In Germany, the Jugendwort 2016 is now being voted on. As may be expected, the offerings („wähle jetzt“) include some taken over from English. Unlikely ones listed are Overcut (Halbglatze), Swaggernaut (extrem coole Person) and Swagphone (Smartphone zum Angeben). You never know, one of these might even win (there is clearly a social media overlap). Yet the real key in English street talk is the social uncertainty it often expresses.

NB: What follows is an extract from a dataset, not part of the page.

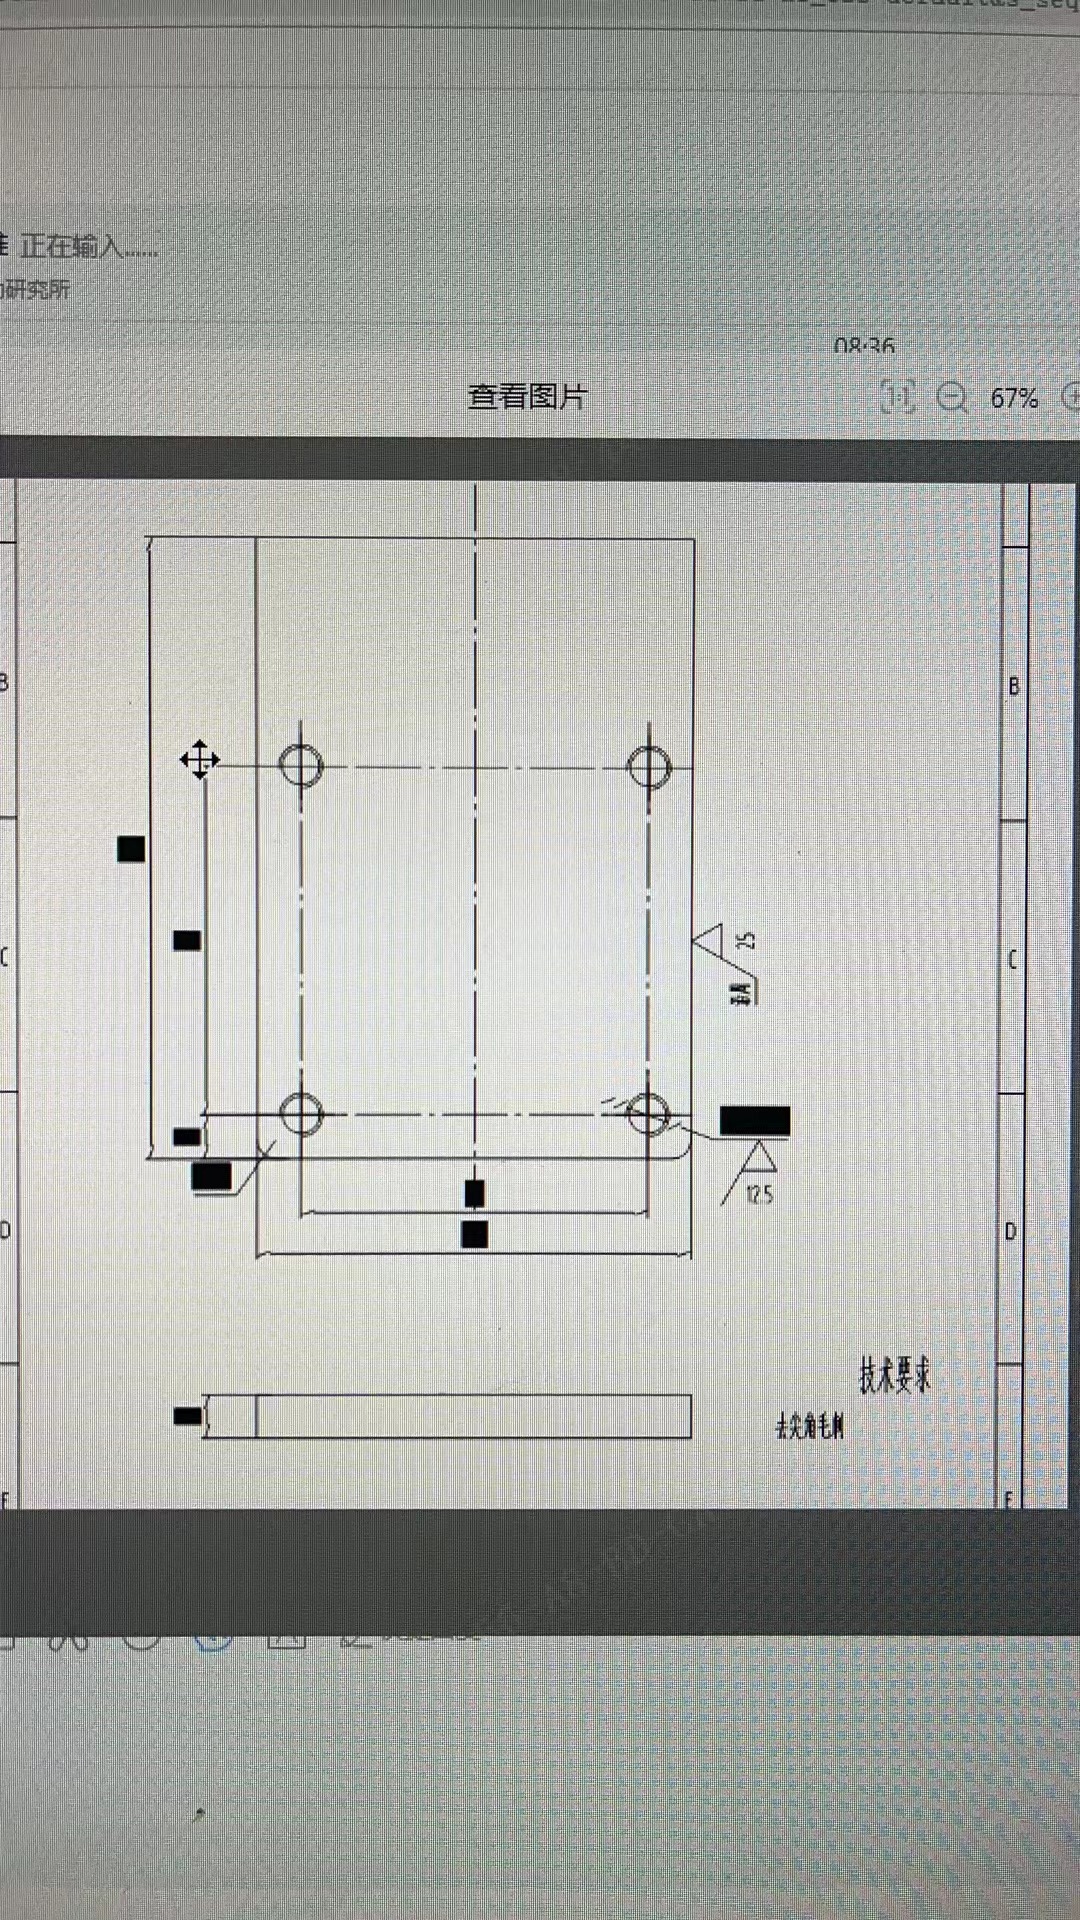 如何应对CAD中标注尺寸被填充覆盖导致无法看清数字的情况

It may be a response to authorities demanding proper behaviour, that young people should show respect, follow procedures, comply with requirements – while of course in parallel condemning antisocial behaviour. But where do we place this? The social commentator Nigel Burke noted (2009) a „sinister use of language to control and manipulate“ – as in the way right-wing political circles now use terms like workshy, shirkers and wasters to describe people in welfare ghettos who rely on handouts. Even (I quote from a piece by Phil McDuff in The Guardian, 25.10.16) calling them skiving thickos milking the system. And they regularly refer to young people who don’t fit in as lout or yob (boy in reverse).

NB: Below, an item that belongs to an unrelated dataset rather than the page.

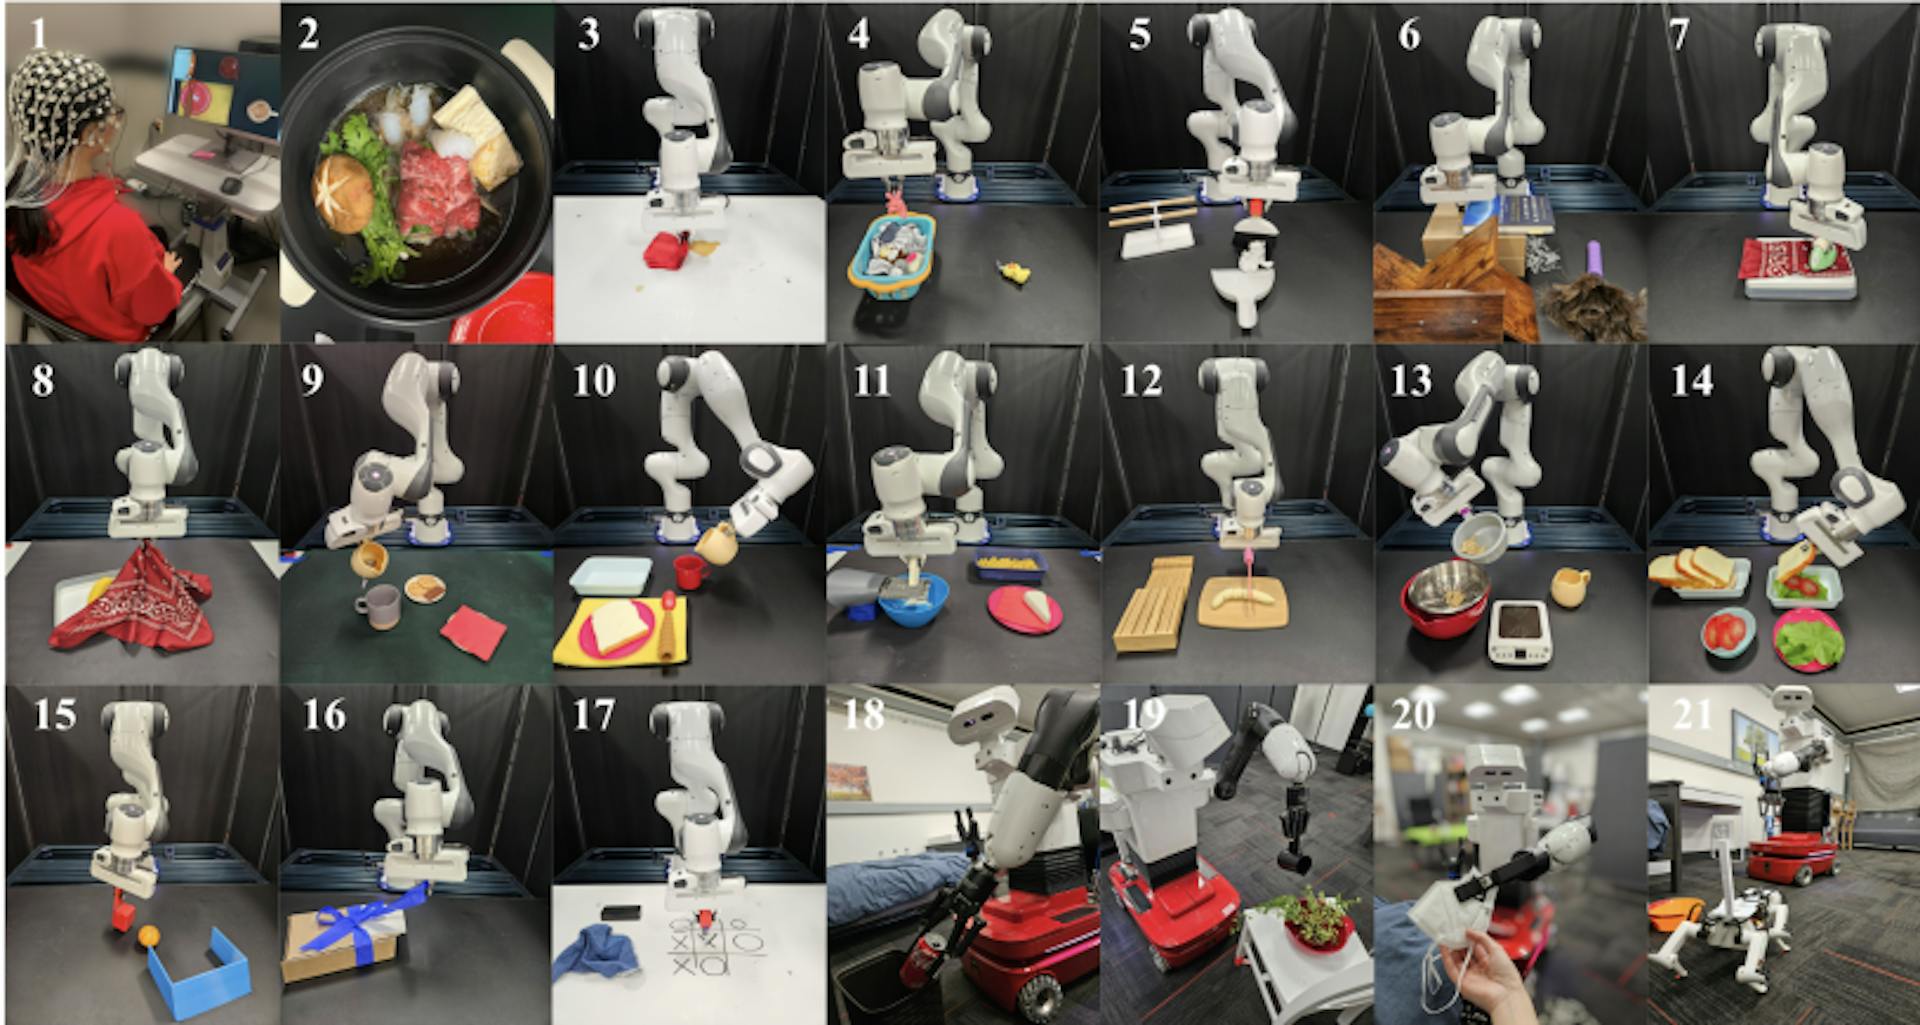 Abbildung 1: NOIR ist eine universelle Gehirn-Roboter-Schnittstelle, die es Menschen ermöglicht, ihre Gehirnsignale (1) zu nutzen, um Roboter für die Ausführung alltäglicher Aktivitäten zu steuern, wie zum Beispiel Sukiyaki herstellen (2), Kleidung bügeln (7) oder Tic-Tac spielen -Toe mit Freunden (17) und einen Roboterhund streicheln (21).

The big question: how do young people respond to this? To start with, not at the level of language, but more directly. Of a violent demonstration in London involving students and schoolchildren, to which police responded with hours of kettling (einkesseln), social analyst Robert McCrum (Observer 28.10.10) wrote, it was „the Harry Potter generation turned into a band of rebels“. But what young people have also been doing is to respond to their sense of social exclusion by developing a personalised „teenglish“, the significance (indeed intention) of which is that adults often don’t understand it. Hence the use of crazy bits of pseudo-language: sort of, like, it ain’t, above all innit (displacing isn’t it). So you get statements like „I didn’t do nuffink, like, innit“. It’s a linguistic assertiveness that leaves many adults wondering just what’s going on. Which of course is the whole point! To get more on this, have a look at a guide (2015) for UK parents on „Teenage slang words and language“.
But here we should note oddities in modern adult English, e.g. its use of phrases which mean the opposite of what the unaware listener might suppose. For instance, if an idea is described as „quite good – very interesting – worth bearing in mind“, that may actually mean that it’s disappointing nonsense which deserved to be ignored! The opposite, in fact, of the phrase „not bad“, which in reality may mean „pretty good“! Or of course the sequence of escapist phrases used when something has gone completely wrong. For instance, to say „I’m sure it’s all my fault, but you must come round to dinner one evening“, may in reality mean: „Of course it’s your fault, and I must ask you to kindly keep out of my way!“ And then of course the „sorry“ sequence: „Oh sorry, awfully sorry, terribly sorry“, and so on, by which you imply it was your opposite number who had blundered and got it all wrong. Although „sorry“ can of course be genuine sometimes! As in the ways it is often used these days in German.
In comparison, „youth street talk“ might almost appear simple and straightforward!